Demand for crude tankers in the three months ended (Q2) June 30 2019 have been affected by the IMO 2020 implementation deadline of 1 January 2020 as refineries embark on plans to prepare capacity.
“Lower OPEC oil production and heavier than normal refinery maintenance as refineries prepare for the implementation of the new IMO 2020 standards impacted crude tanker demand, which we expect will continue into the early part of the third quarter,” said Kevin Mackay, President and CEO of Teekay Tankers.
“However, these headwinds were partially offset by continued strong growth of U.S. crude oil exports which bolstered our full-service lightering business and drove our Aframax crude tanker spot rates to average over $20,000 per day during the second quarter, which was above our peer group and benchmarks.
“We expect this strength to continue into the third quarter as additional pipeline capacity comes online, allowing U.S. crude oil exports to further increase.”
The company reported net loss of $14.3 million in Q2 2019, lower then compared to net loss of $27.4 million in Q2 2018.

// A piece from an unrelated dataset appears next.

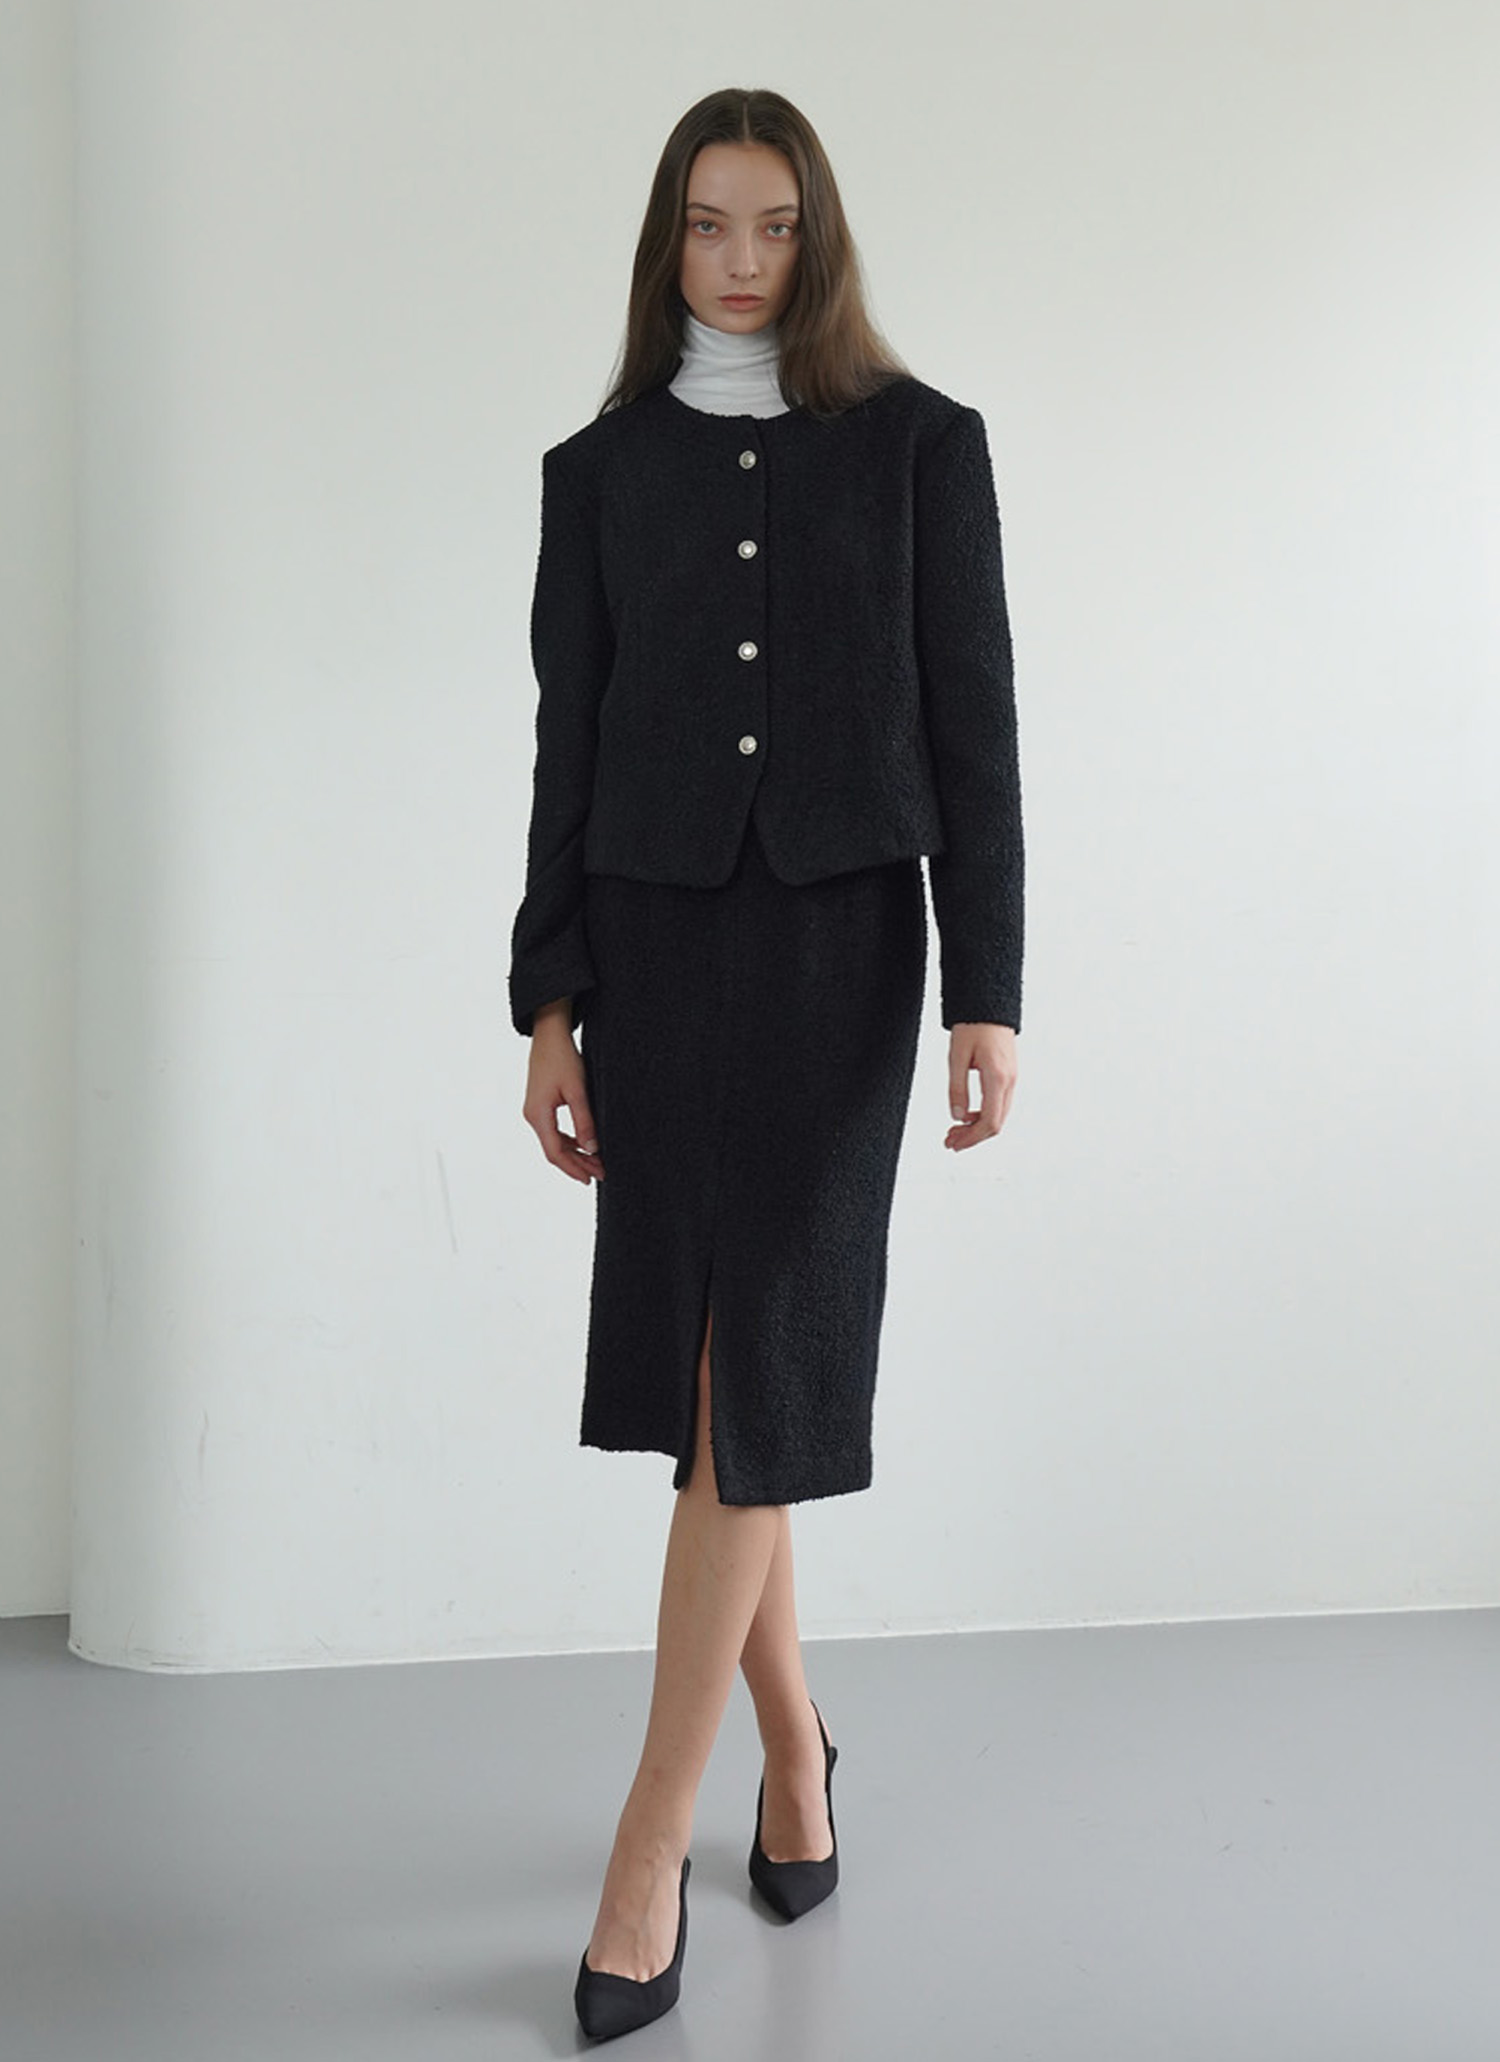 Modern black tweed skirt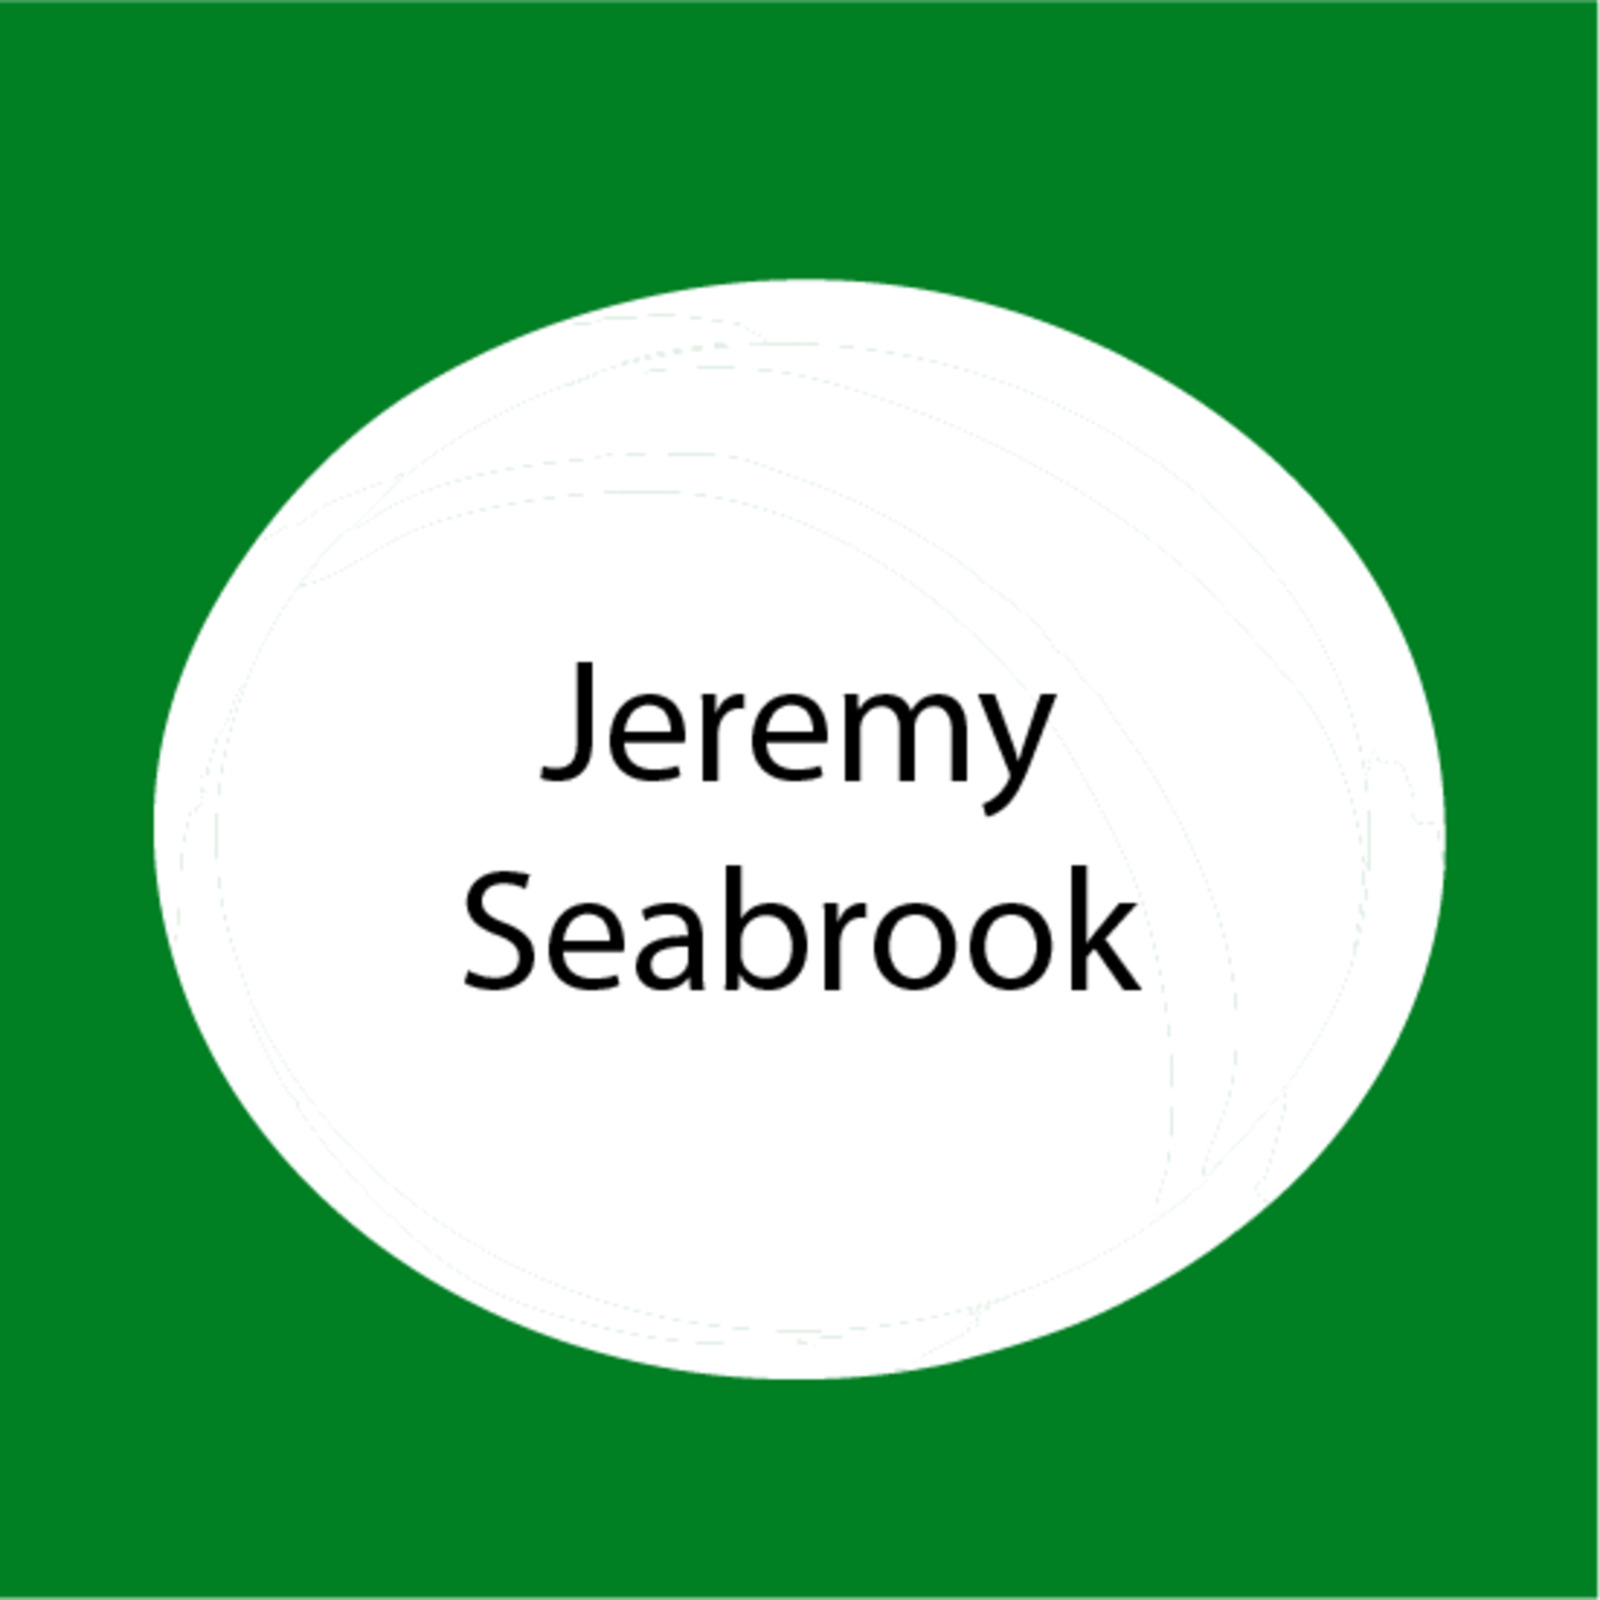 Jeremy Seabrook

Total revenues in Q2 2019 were $202.3 million, higher than $171.7 million during Q2 2018.
Tanker rates have been impacted by heavier than normal refinery maintenance in the first half of the year as refiners prepare for the upcoming IMO 2020 regulations, says Teekay.
According to the IEA, global refining throughput fell by 0.7 mb/d year-on-year in the second quarter of 2019, the largest annual decline in 10 years. This led to reduced crude tanker demand, which has carried over into the early part of the third quarter.
Despite some near-term headwinds, the tanker market fundamentals continue to support a market recovery in the latter part of the year and into 2020.
First, refinery throughput is expected to increase significantly in the coming months as refiners ramp up activity in order to produce sufficient low sulphur fuels ahead of the impending IMO 2020 regulations.
According to the IEA, global refinery throughput is estimated to increase by over 3 mb/d in the third quarter of 2019 compared to the second quarter, which is expected to be positive for crude tanker demand.
The new IMO 2020 regulations could create additional volatility for the tanker market through new trade patterns and arbitrage movements, floating storage demand, and a potential increase in port congestion as the market adjusts to the change.
Finally, the tanker fleet is set for a period of much lower fleet growth over the next two years due to a relatively small orderbook. The tanker orderbook currently totals 53 mdwt, or 8.7 percent of the existing fleet size, which is the lowest tanker fleet-to-orderbook ratio since early-1997.
Fleet growth could be further offset by an increase in vessel off-hire time in the coming months as ships are taken out of service for scrubber retrofitting in anticipation of IMO 2020 regulations. As a result, lower fleet growth levels are expected in the second half of the year, with continued low fleet growth during 2020.
Overall, Mackay expects IMO 2020 to positively impact crude tanker demand in the future.
“We continue to believe that tanker market fundamentals support a market recovery in the latter part of the year and into 2020 due to projected underlying oil demand growth, an expected increase in U.S. crude oil exports, significantly higher refinery throughput ahead of IMO 2020 regulations, and lower tanker fleet growth,” he said.
“With healthy liquidity, a market-leading position and significant operating leverage, we believe we are well-positioned to benefit from a tanker market recovery.”